= Beginning of Section =
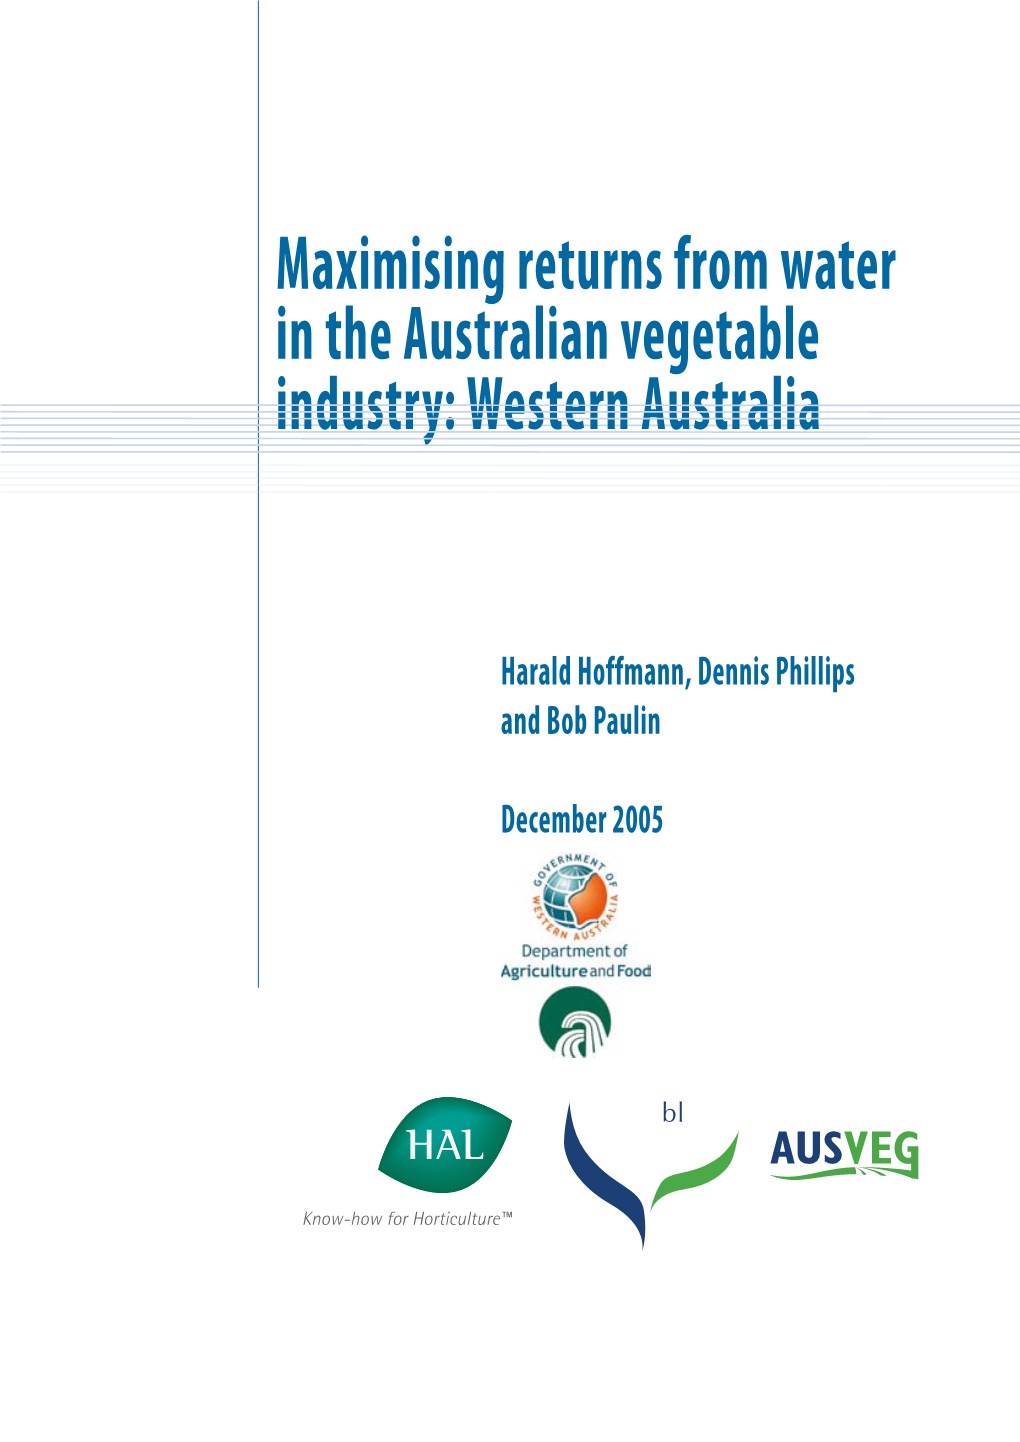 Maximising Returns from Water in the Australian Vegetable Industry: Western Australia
= End of Section =
= Beginning of Section =
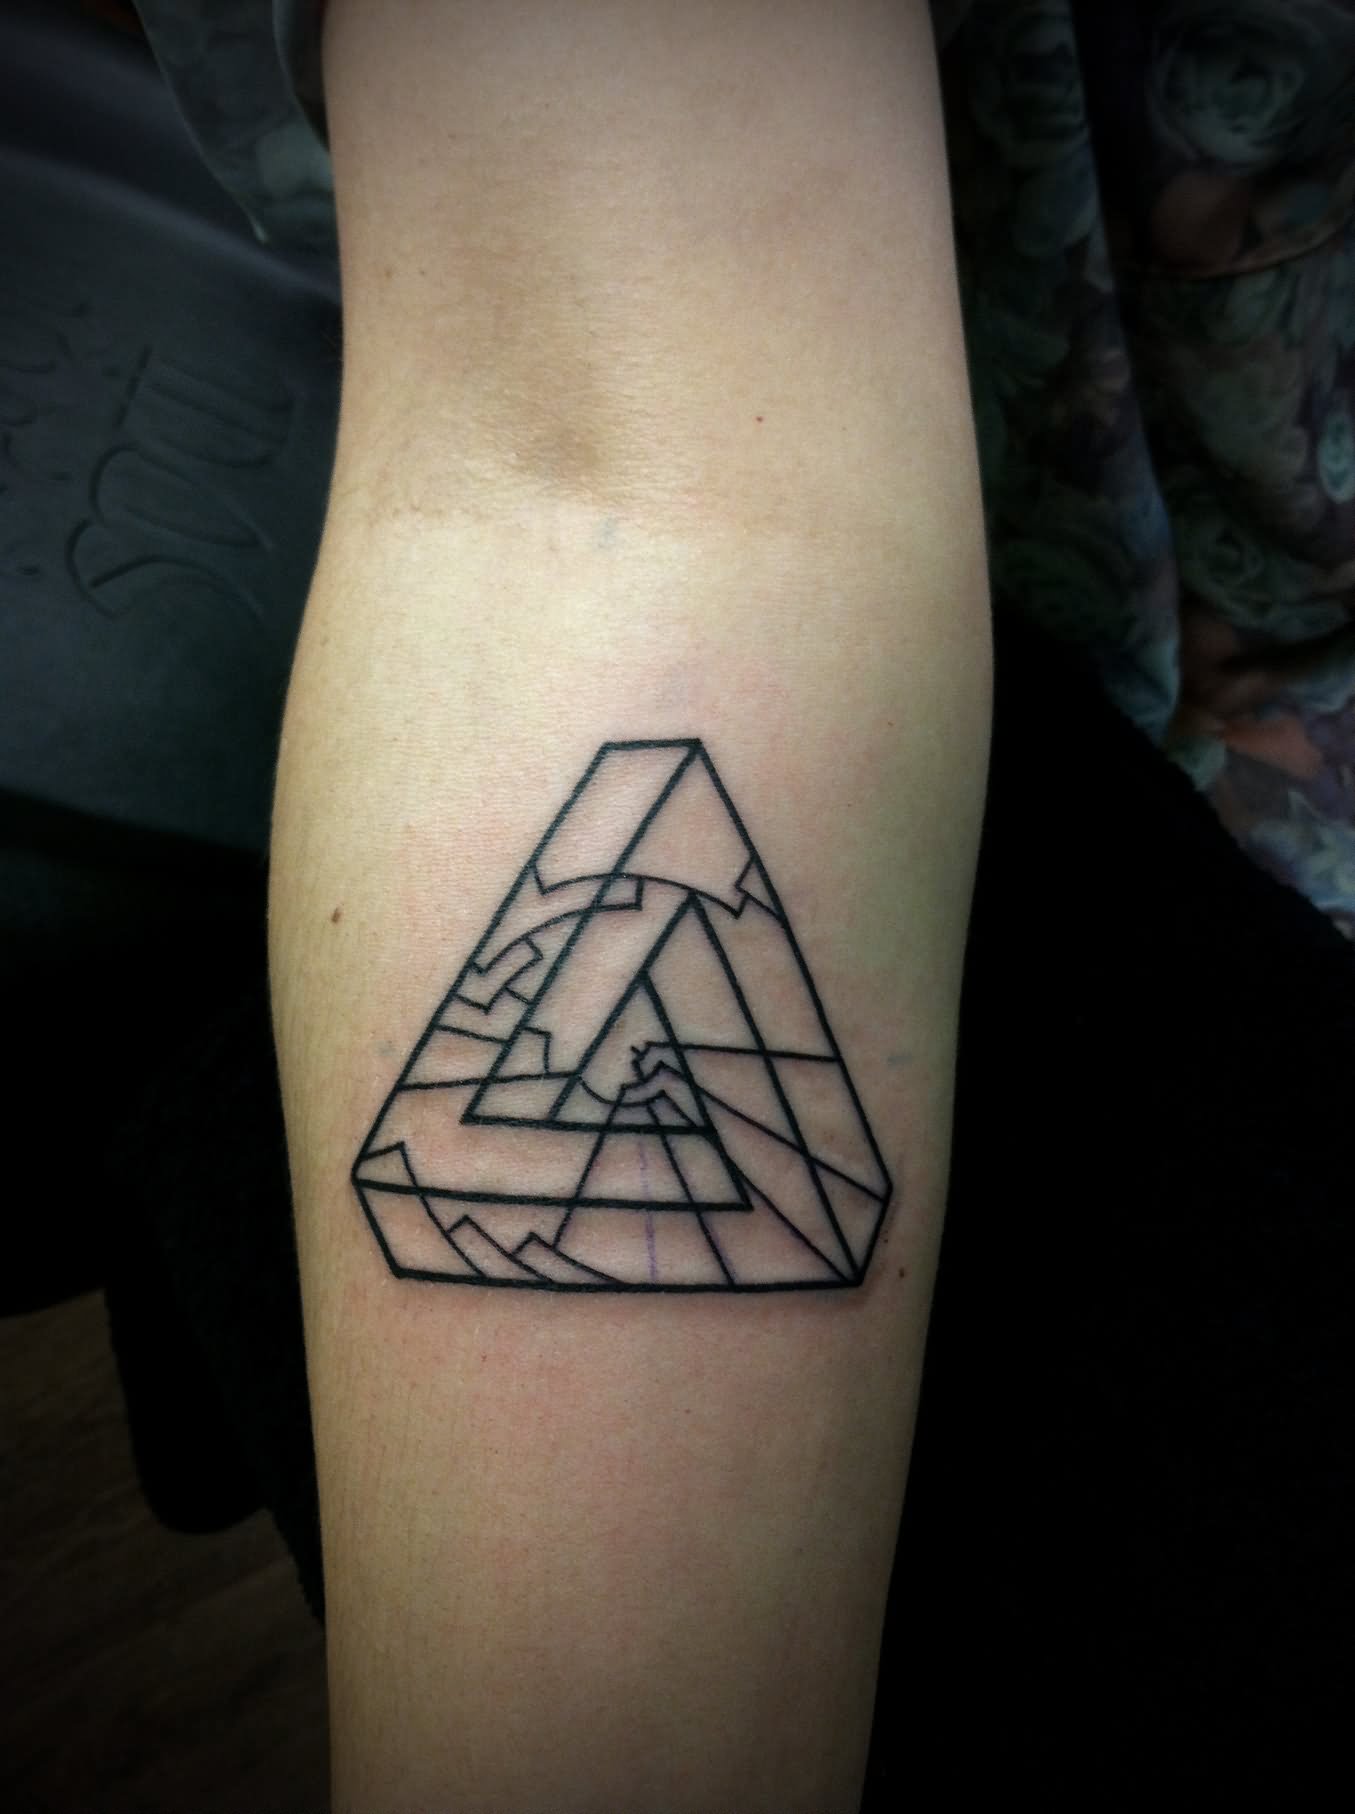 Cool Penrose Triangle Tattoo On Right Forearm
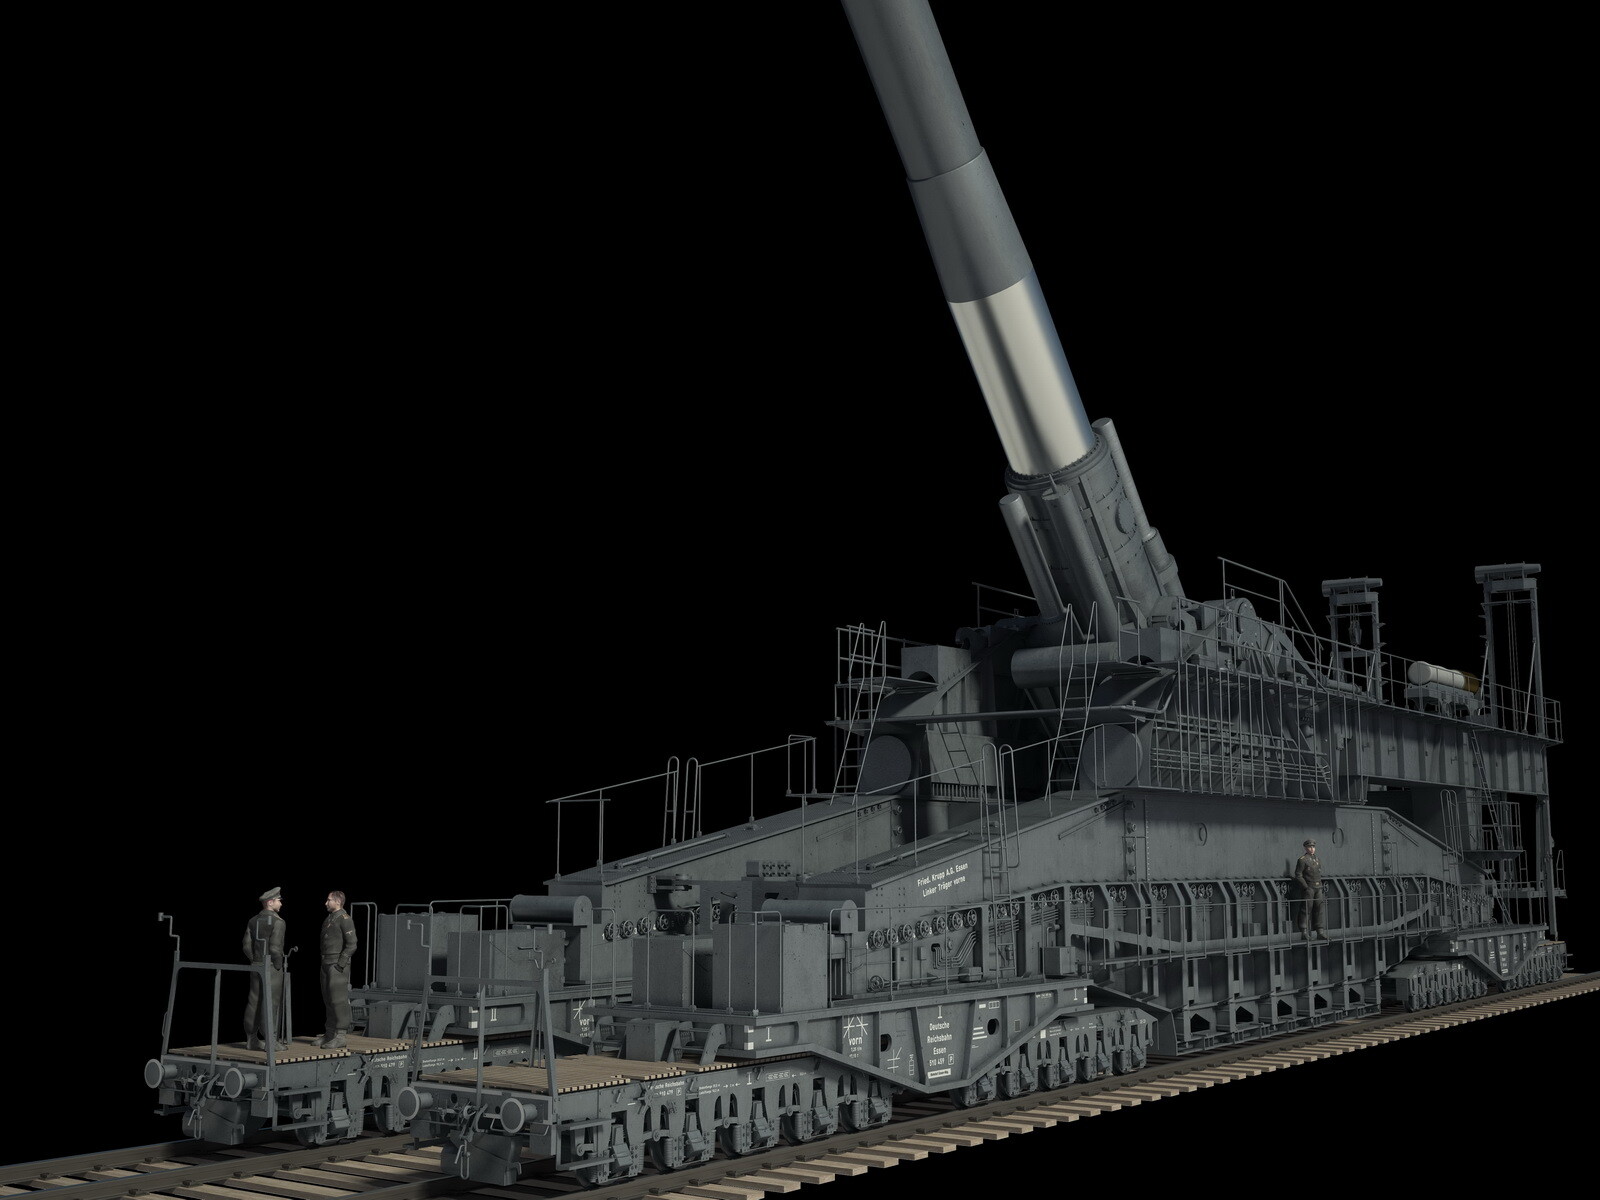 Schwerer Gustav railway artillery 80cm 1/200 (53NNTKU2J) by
= End of Section =
■ Exercise directions:
Both boundary lines included, write out word for word only the lines above from the one containing "Cool Penrose Triangle" to the one containing "Schwerer Gustav railway", leaving out any pictures.

■ Response box:
 Cool Penrose Triangle Tattoo On Right Forearm
 Schwerer Gustav railway artillery 80cm 1/200 (53NNTKU2J) by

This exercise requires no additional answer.